La redención
Nadia islam Dhara · Completado · 172.2k Palabras
Introducción
Olivia Wilson vivió una vida perfecta hasta los 12 años. Su vida estuvo llena de felicidad y las personas que solían aumentar su felicidad eran los Hijos del Alfa, que son trillizos no idénticos. Prometieron protegerla y rezaron a la Diosa de la Luna para que los convirtiera en su pareja. Todo en su vida parecía ir a la perfección hasta que un día, su padre Oliver Wilson fue acusado falsamente por los Gamma de matar a la Luna y paralizar al Alfa. Su vida dio un giro opuesto, todos los que la amaban empezaron a odiarla. Los trillizos que prometieron protegerla se convirtieron en aquellos de los que necesita protegerse. Empezó a sufrir miles de torturas brutales y los Gamma que participaban en esos juegos sucios convirtieron su vida en un auténtico infierno.
Todas esas palabras hirientes y torturas no pudieron domarla. Estaba decidida a demostrar la inocencia de su padre, pero una cosa que la desanimó por completo fue cuando la aceptación de la oración que hizo en su infancia se convirtió en su peor pesadilla. Y lo que lo empeoró fue que tenían otros planes además de rechazarla.
Nota: Este libro es una colección de «La hija del traidor» y «Nada más que un matón».
Capítulo 1
Punto de vista de Olivia:
Me desperté con la luz del sol cayendo sobre mis ojos. Me senté, quitándome la manta del cuerpo, y miré el reloj. Mis ojos se abrieron de par en par al ver que llegaba cinco minutos tarde.
—Oh no —suspiré audiblemente con desánimo y empecé a prepararme apresuradamente.
Me cepillé los dientes, me peiné y me hice una trenza rápidamente; más bien a la velocidad del viento.
No me arriesgué a hacerme una cola de caballo. Porque la última vez que lo hice, la zorra del grupo, que pensaba que yo era la persona más fea pero aún así estaba celosa de mí, me cortó un poco de pelo; amaba mi cabello y cuando la vi cortándolo me sentí mal, pero no tenía derecho a discutir ni a objetar, era como una esclava en este grupo; no es que siempre me hubieran tratado así, pero la vida ya no era la misma.

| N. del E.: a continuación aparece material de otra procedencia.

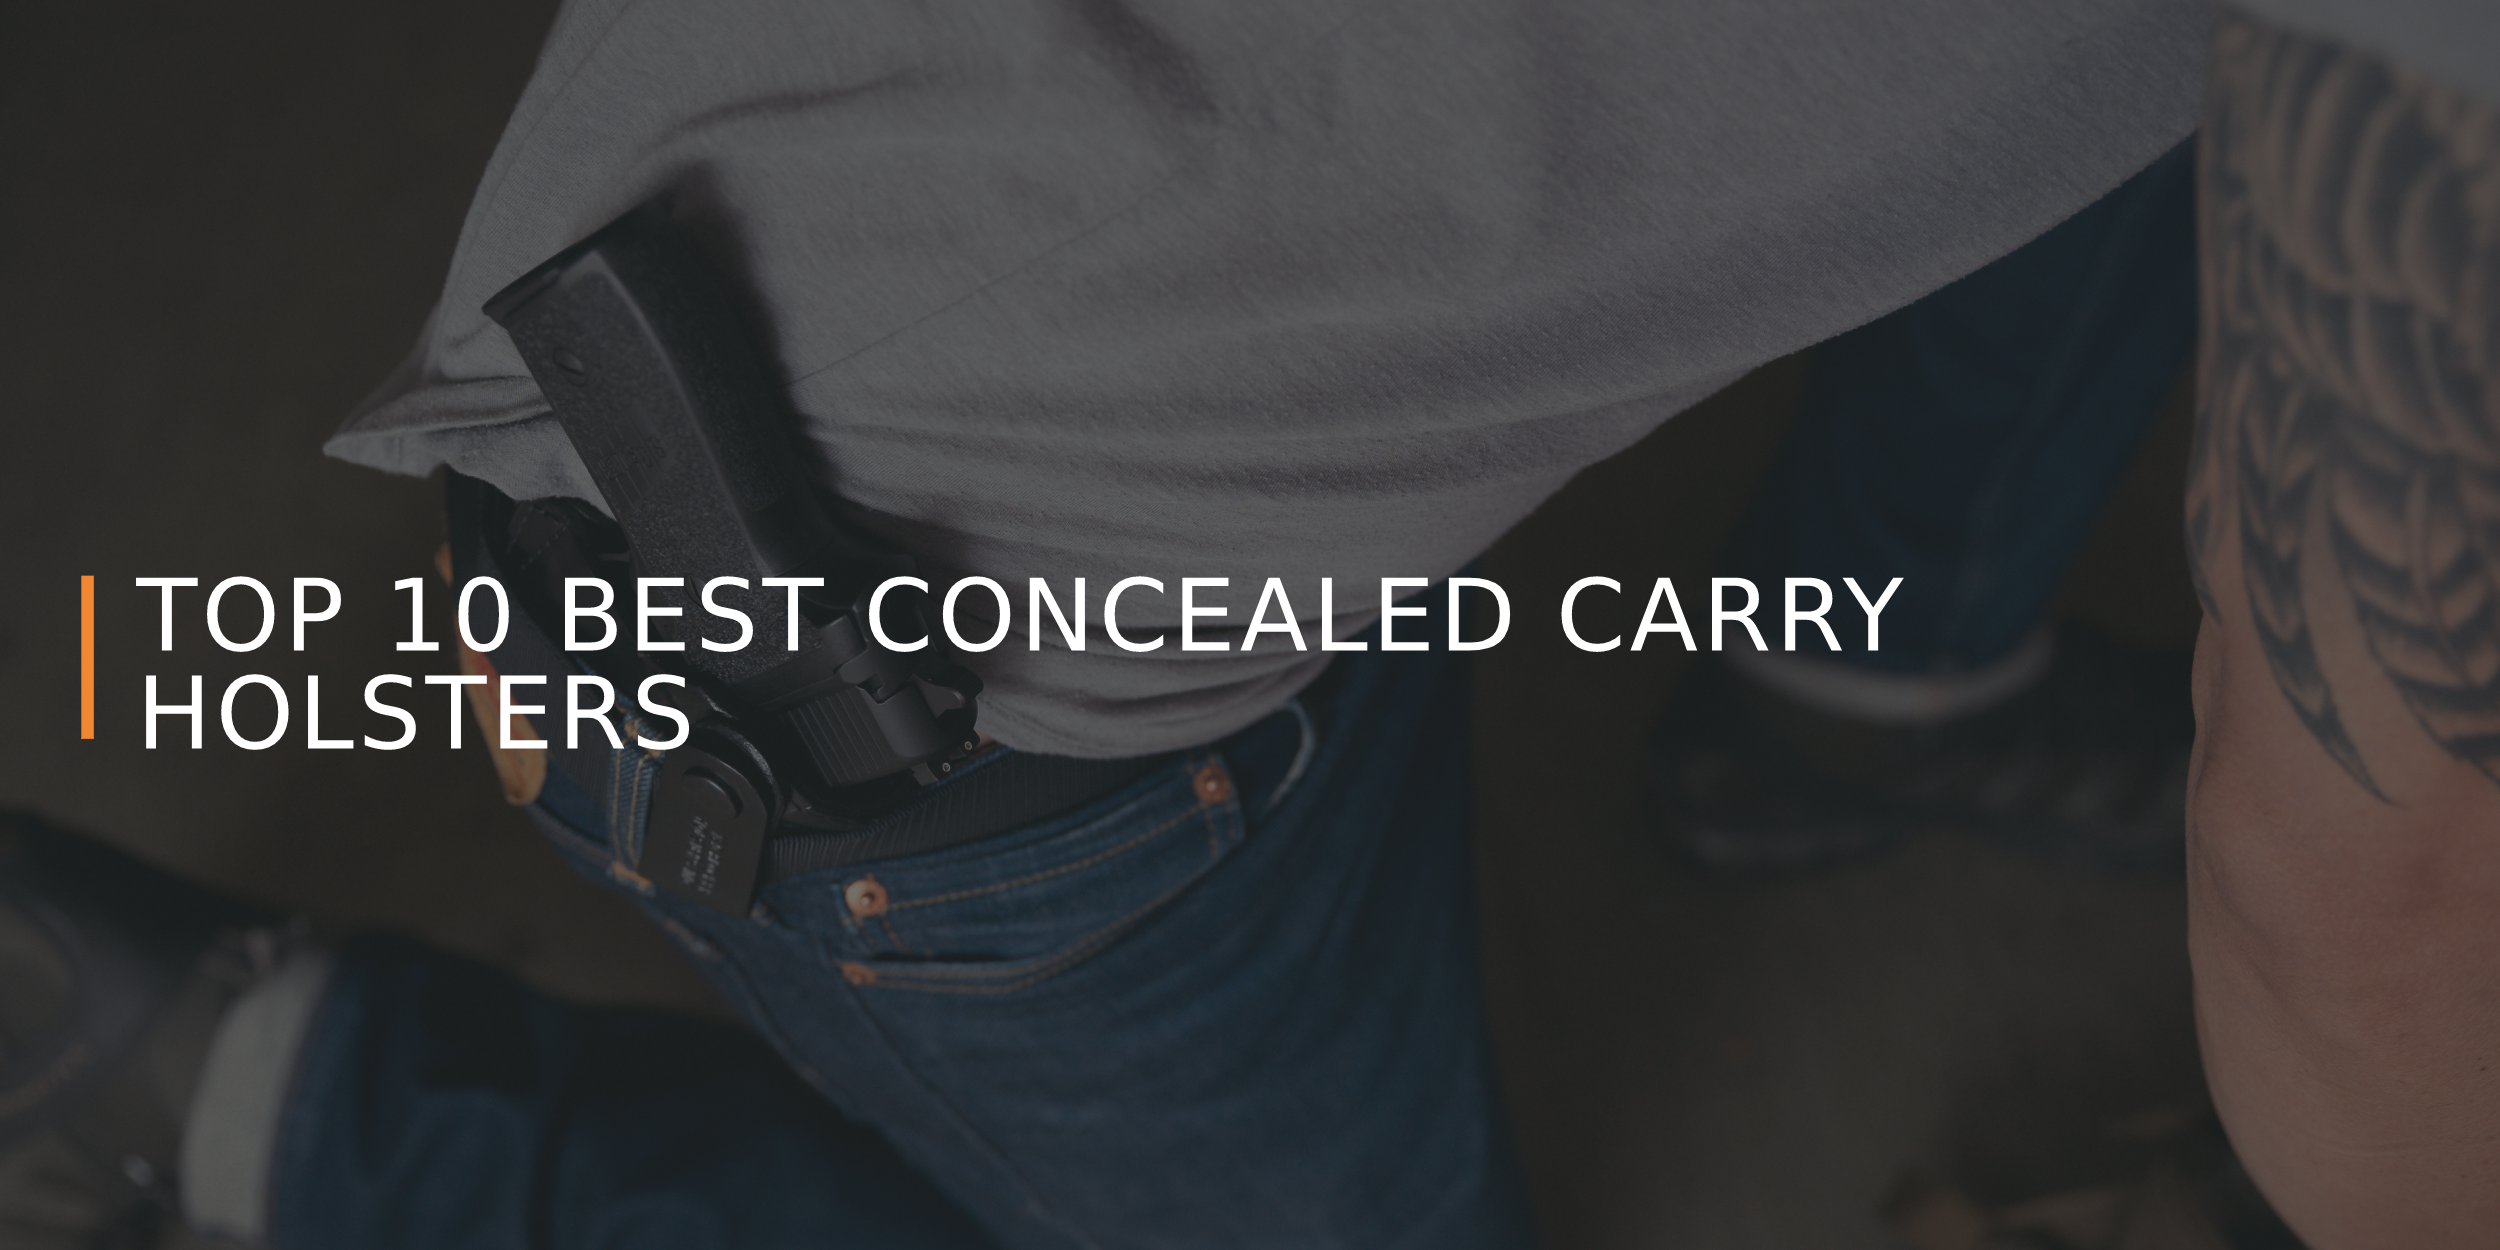 Top 10 Best Concealed Carry Holsters

Me puse una camisa gris, unos leggings negros y me apresuré a llegar a la cocina. Bajé rápidamente las escaleras rezando a todos los dioses en mi mente para que me salvaran de enfrentar la ira de alguien.
Pero en cuanto llegué a la cocina, mis ojos se encontraron con esos ojos marrones oscuros—definitivamente mis oraciones no funcionaron.

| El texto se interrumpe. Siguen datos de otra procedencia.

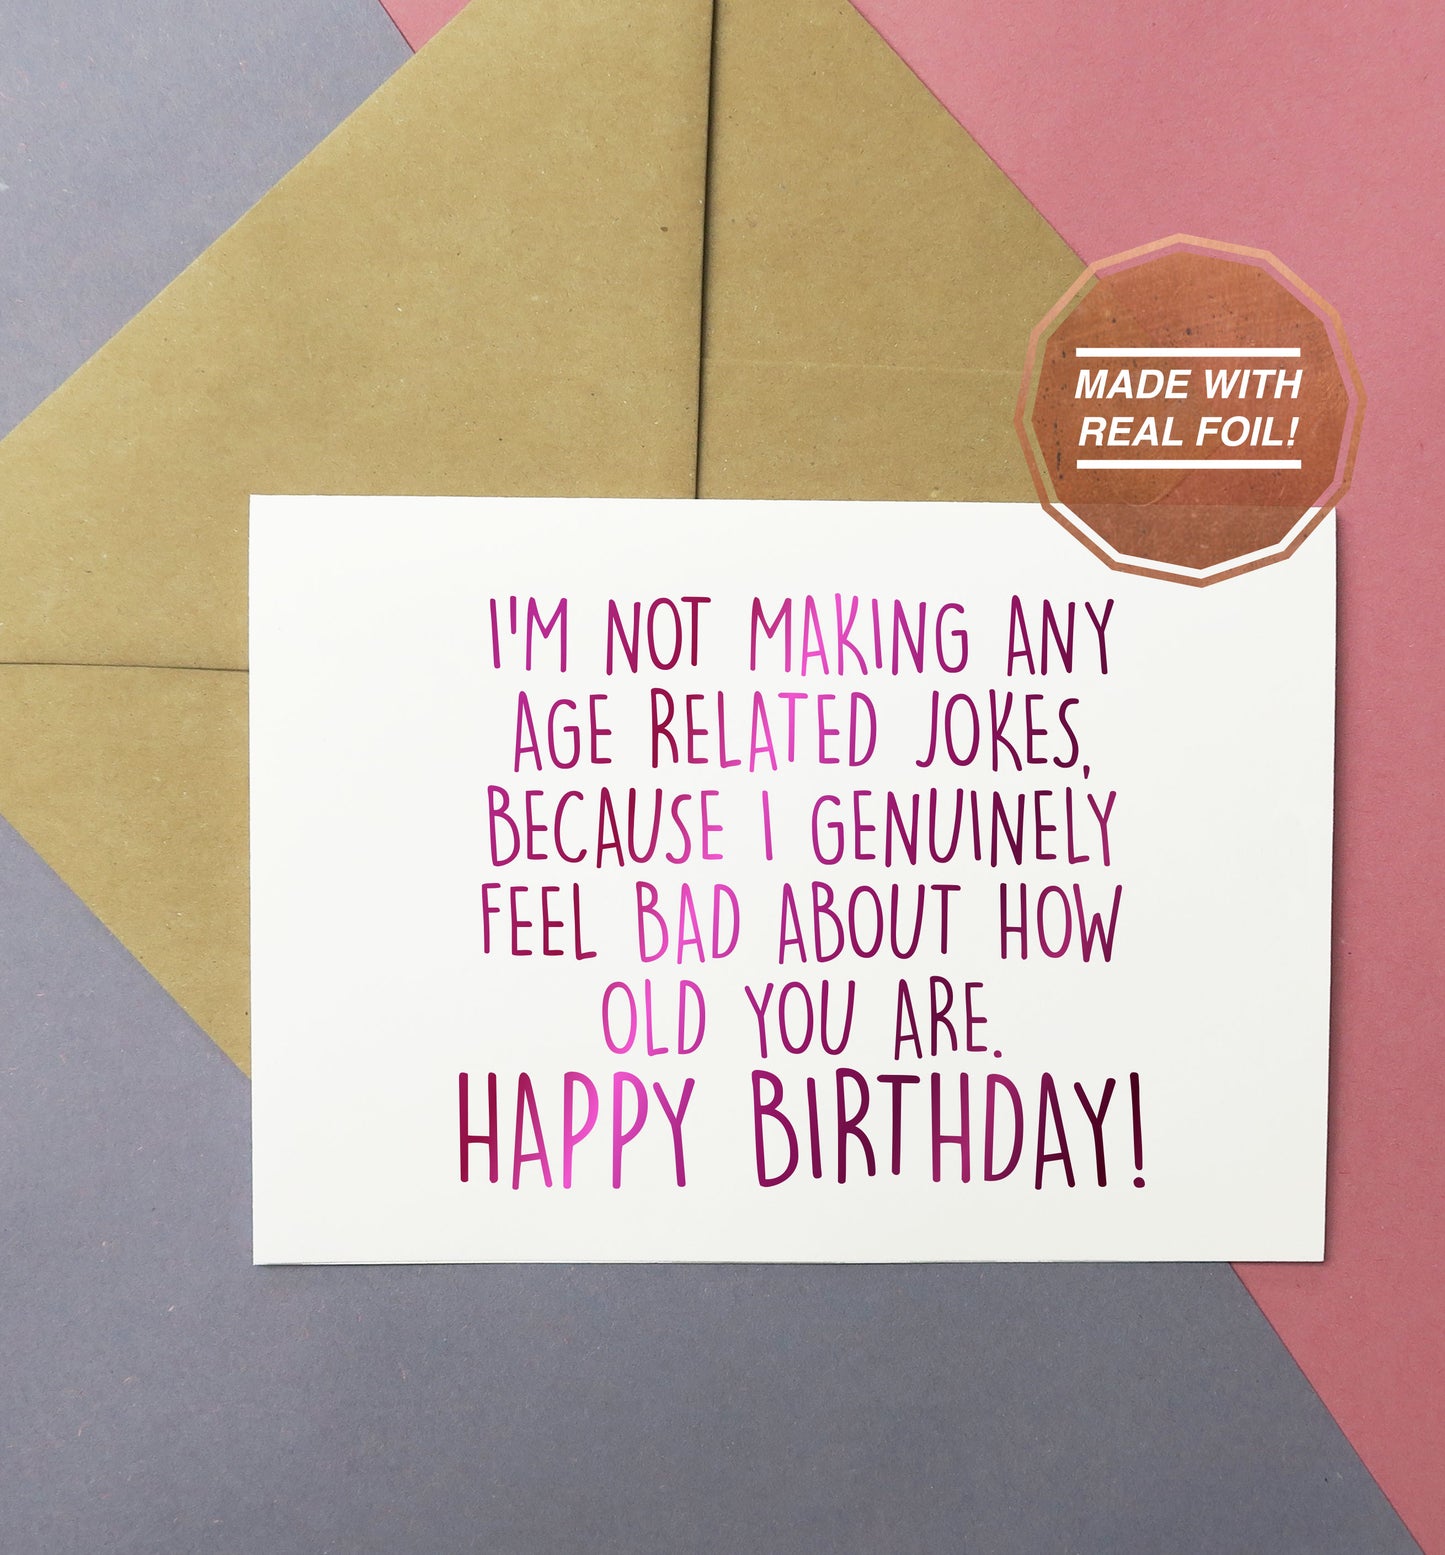 I'm not making any age related jokes because I genuinely feel bad for how old you are handmade birthday card

Allí estaba Lucas, el mayor de los trillizos, con los puños apretados y mirándome con una mirada asesina que inmediatamente me hizo temblar.

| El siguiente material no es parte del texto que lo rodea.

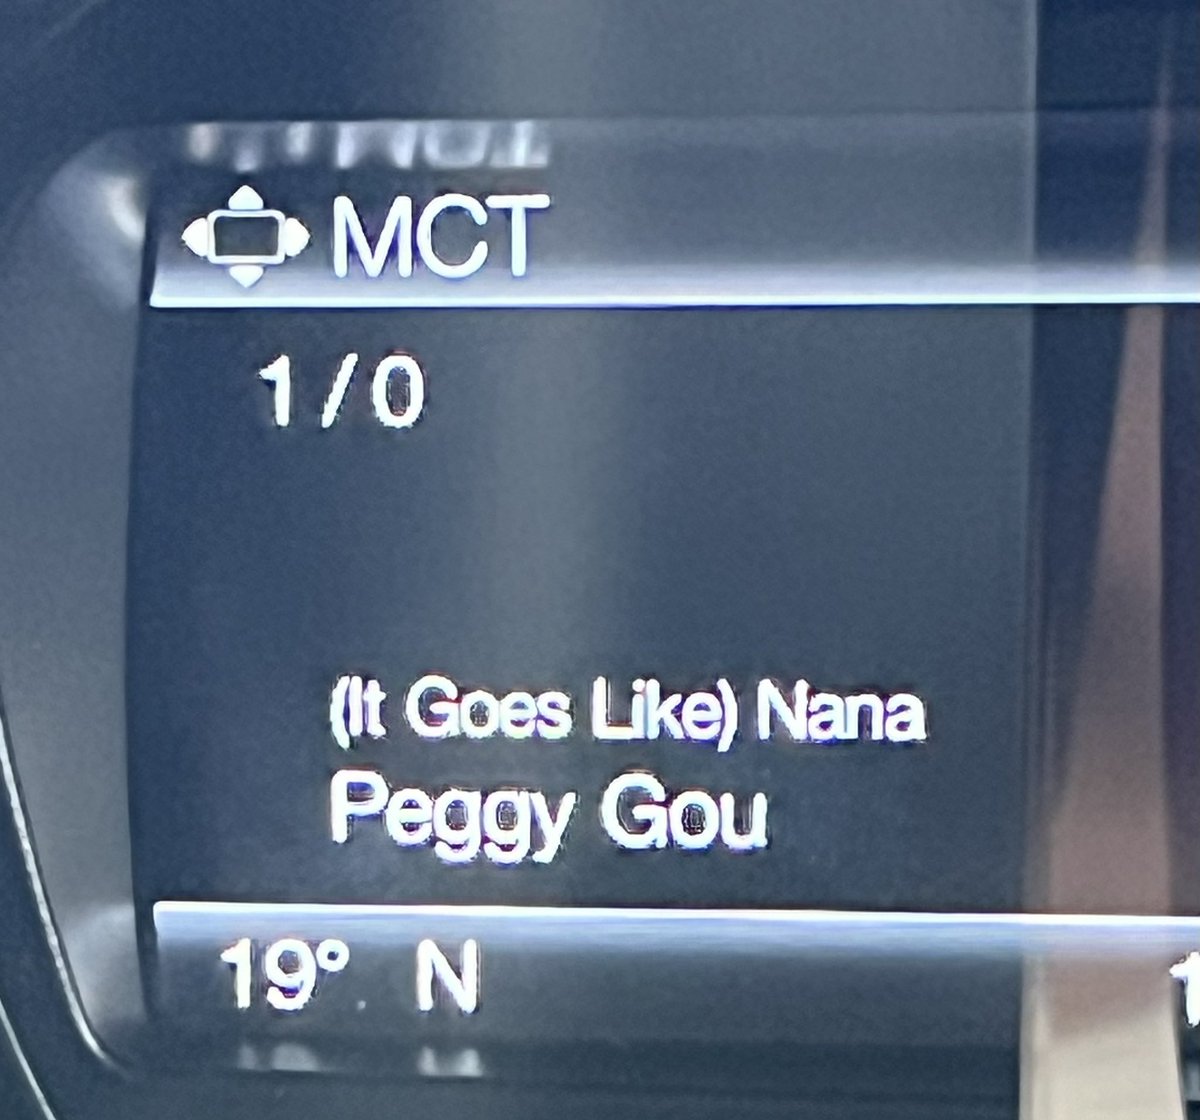 Alright Peggy, there are children watching. #UnfortunateTruncation

Entendí en un instante que ahora iba a enfrentar muchos problemas y palabras desagradables.
Inhalé profundamente y reuní todo mi valor mientras contenía la respiración antes de inclinarme frente a él.
—Lo siento, Alfa, llegué tarde porque... —no me dejó terminar.
—Porque estabas follando con algún hombre hasta tarde, ¿verdad? Eres un pedazo de mierda inútil —golpeó el puño en el mostrador, haciéndome estremecer; el fuerte sonido resonó por toda la habitación durante un buen rato.
La humedad comenzó a acumularse en mis ojos de inmediato.
Aunque los trillizos siempre usaban palabras hirientes, en los últimos dos años, sus palabras habían pasado todos los límites. Seguían cuestionando mi carácter y lanzando palabras tan insultantes hacia mí que me rompían el corazón en pedazos; todo lo que estaban haciendo se volvía insoportable día tras día.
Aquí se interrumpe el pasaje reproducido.